Start of DATA IN THIS EXERCISE

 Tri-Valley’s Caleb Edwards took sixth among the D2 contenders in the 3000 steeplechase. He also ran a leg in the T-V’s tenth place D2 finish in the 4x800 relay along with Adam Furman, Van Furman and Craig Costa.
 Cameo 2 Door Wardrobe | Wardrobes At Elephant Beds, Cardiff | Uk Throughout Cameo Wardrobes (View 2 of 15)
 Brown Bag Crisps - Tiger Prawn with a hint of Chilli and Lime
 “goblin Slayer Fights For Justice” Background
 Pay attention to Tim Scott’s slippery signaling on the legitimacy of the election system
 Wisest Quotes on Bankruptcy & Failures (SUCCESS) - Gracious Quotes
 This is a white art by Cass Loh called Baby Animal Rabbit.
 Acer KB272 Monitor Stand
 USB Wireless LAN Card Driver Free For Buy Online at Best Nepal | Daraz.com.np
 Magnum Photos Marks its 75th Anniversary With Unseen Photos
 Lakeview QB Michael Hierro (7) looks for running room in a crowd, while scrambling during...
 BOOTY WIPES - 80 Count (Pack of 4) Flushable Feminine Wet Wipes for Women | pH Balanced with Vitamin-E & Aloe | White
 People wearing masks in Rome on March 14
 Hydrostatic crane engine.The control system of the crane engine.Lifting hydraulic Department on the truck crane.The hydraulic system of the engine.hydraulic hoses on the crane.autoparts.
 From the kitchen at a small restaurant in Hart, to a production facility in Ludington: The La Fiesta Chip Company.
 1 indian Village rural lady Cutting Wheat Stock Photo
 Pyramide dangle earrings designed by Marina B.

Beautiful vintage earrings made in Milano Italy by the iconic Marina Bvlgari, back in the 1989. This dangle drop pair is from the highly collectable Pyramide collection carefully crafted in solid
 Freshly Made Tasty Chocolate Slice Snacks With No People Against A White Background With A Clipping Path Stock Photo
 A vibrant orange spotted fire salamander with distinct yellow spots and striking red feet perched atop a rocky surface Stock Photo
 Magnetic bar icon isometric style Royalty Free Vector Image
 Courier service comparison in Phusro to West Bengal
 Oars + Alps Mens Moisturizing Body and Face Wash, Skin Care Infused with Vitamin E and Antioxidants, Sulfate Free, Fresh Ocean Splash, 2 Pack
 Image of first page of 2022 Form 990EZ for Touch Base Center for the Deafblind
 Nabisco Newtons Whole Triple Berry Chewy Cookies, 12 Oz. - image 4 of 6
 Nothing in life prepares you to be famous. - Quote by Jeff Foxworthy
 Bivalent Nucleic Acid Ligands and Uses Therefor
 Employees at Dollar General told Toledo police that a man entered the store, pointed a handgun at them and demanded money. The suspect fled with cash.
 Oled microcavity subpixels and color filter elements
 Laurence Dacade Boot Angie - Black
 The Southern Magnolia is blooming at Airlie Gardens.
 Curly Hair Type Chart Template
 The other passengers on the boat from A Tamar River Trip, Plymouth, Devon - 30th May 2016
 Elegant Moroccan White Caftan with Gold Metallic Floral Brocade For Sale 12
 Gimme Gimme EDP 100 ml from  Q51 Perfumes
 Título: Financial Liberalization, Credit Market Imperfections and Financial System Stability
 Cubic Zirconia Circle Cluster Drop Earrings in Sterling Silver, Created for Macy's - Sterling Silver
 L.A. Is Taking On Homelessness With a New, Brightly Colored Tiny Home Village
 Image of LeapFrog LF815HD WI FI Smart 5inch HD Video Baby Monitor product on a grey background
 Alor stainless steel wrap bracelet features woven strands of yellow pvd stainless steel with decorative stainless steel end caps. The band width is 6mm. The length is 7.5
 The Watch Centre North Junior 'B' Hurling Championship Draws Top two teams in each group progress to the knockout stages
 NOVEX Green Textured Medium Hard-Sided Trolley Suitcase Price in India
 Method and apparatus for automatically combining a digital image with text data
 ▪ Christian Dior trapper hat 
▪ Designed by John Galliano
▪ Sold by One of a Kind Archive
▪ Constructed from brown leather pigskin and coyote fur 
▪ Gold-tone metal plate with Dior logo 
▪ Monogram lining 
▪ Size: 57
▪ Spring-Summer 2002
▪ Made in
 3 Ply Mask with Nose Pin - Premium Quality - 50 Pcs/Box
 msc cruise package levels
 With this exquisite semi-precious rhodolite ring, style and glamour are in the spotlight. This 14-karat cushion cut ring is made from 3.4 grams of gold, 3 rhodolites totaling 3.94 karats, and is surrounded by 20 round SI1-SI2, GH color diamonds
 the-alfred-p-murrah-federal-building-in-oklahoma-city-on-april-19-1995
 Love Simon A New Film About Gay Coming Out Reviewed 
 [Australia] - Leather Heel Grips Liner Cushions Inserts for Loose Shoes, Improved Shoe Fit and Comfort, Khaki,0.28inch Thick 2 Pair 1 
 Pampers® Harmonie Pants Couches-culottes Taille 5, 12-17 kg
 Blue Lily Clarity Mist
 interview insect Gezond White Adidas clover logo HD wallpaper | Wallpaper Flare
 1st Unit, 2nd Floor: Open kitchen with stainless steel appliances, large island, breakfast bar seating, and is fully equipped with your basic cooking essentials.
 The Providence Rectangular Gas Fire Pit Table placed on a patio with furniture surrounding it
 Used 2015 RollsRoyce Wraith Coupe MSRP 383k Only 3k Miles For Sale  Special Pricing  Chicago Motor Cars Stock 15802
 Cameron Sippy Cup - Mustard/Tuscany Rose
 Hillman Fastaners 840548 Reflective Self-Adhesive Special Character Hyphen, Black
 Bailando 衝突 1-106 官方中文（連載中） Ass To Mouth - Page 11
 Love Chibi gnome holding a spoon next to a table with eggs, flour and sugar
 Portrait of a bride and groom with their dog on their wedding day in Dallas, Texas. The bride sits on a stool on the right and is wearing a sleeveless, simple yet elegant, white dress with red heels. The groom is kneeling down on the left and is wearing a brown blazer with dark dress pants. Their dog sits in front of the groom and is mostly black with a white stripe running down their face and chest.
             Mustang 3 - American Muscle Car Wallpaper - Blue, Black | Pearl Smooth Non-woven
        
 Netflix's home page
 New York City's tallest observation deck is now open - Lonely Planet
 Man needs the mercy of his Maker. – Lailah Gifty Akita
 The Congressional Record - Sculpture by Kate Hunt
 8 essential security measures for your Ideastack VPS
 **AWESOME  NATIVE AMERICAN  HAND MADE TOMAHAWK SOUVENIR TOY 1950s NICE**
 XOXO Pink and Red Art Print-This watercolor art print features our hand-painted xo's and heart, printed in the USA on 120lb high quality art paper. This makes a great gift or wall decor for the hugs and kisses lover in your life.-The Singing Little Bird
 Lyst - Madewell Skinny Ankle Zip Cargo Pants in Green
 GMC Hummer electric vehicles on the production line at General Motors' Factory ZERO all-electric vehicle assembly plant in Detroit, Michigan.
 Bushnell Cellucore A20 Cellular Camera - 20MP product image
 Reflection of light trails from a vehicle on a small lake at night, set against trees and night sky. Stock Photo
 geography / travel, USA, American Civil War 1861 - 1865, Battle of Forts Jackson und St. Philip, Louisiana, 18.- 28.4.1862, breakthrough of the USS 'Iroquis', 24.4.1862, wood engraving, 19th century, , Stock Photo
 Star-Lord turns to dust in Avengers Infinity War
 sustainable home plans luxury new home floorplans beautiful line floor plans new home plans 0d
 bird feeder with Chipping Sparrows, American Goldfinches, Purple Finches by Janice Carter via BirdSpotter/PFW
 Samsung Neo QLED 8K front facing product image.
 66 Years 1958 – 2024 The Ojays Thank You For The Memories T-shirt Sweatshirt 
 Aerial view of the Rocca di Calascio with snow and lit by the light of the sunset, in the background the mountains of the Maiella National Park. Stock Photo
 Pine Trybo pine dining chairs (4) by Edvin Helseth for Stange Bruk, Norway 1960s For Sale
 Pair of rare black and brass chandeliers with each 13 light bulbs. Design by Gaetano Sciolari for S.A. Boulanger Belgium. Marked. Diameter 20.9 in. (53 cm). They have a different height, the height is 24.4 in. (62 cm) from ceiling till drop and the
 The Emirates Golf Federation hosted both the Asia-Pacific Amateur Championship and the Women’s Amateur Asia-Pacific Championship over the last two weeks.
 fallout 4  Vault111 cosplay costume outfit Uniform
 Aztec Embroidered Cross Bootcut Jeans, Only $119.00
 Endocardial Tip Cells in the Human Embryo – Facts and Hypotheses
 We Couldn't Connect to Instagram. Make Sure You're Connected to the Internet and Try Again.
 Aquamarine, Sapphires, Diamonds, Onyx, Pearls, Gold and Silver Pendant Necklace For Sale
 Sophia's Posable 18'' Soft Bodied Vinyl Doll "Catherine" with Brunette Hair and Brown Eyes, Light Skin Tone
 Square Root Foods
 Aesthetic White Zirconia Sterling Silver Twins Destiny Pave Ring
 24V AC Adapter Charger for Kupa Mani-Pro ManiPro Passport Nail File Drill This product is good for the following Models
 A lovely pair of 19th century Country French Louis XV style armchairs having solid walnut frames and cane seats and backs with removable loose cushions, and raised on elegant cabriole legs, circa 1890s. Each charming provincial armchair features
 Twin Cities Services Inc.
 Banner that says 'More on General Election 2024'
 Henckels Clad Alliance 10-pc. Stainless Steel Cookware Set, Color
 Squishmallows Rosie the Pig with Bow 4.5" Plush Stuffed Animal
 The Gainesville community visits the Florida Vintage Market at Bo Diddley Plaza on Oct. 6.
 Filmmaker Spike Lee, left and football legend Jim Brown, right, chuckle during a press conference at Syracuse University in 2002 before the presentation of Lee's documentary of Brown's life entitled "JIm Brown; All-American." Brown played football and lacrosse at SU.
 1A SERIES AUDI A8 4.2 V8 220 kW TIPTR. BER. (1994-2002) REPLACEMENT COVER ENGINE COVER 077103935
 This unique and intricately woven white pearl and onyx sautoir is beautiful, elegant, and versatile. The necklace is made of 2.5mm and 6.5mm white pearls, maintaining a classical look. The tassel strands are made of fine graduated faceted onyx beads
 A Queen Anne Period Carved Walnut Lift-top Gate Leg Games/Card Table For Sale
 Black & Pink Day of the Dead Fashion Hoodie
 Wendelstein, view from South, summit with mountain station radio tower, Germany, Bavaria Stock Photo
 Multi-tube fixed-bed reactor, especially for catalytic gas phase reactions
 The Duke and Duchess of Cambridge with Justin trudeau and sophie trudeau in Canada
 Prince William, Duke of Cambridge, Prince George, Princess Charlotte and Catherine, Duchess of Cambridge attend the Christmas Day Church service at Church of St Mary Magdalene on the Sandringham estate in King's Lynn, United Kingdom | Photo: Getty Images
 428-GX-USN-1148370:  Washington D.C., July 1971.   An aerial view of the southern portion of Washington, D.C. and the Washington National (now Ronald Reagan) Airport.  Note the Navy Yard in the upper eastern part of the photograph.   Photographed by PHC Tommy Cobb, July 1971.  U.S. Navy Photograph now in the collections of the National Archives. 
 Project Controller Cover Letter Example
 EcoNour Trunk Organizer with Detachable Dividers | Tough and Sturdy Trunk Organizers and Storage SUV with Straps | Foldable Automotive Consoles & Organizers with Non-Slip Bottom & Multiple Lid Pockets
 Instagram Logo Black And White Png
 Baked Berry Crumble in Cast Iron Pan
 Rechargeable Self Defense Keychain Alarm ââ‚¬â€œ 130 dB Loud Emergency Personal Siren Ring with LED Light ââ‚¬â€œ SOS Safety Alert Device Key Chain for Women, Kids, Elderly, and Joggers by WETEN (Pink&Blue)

End of DATA IN THIS EXERCISE

— WORK INSTRUCTIONS —
Above are the entries. Quote exactly the lines from the one bearing "The Providence Rectangular" through the one bearing "Cameron Sippy Cup - Mustard/Tuscany Rose".

— YOUR RESPONSE —
 The Providence Rectangular Gas Fire Pit Table placed on a patio with furniture surrounding it
 Used 2015 RollsRoyce Wraith Coupe MSRP 383k Only 3k Miles For Sale  Special Pricing  Chicago Motor Cars Stock 15802
 Cameron Sippy Cup - Mustard/Tuscany Rose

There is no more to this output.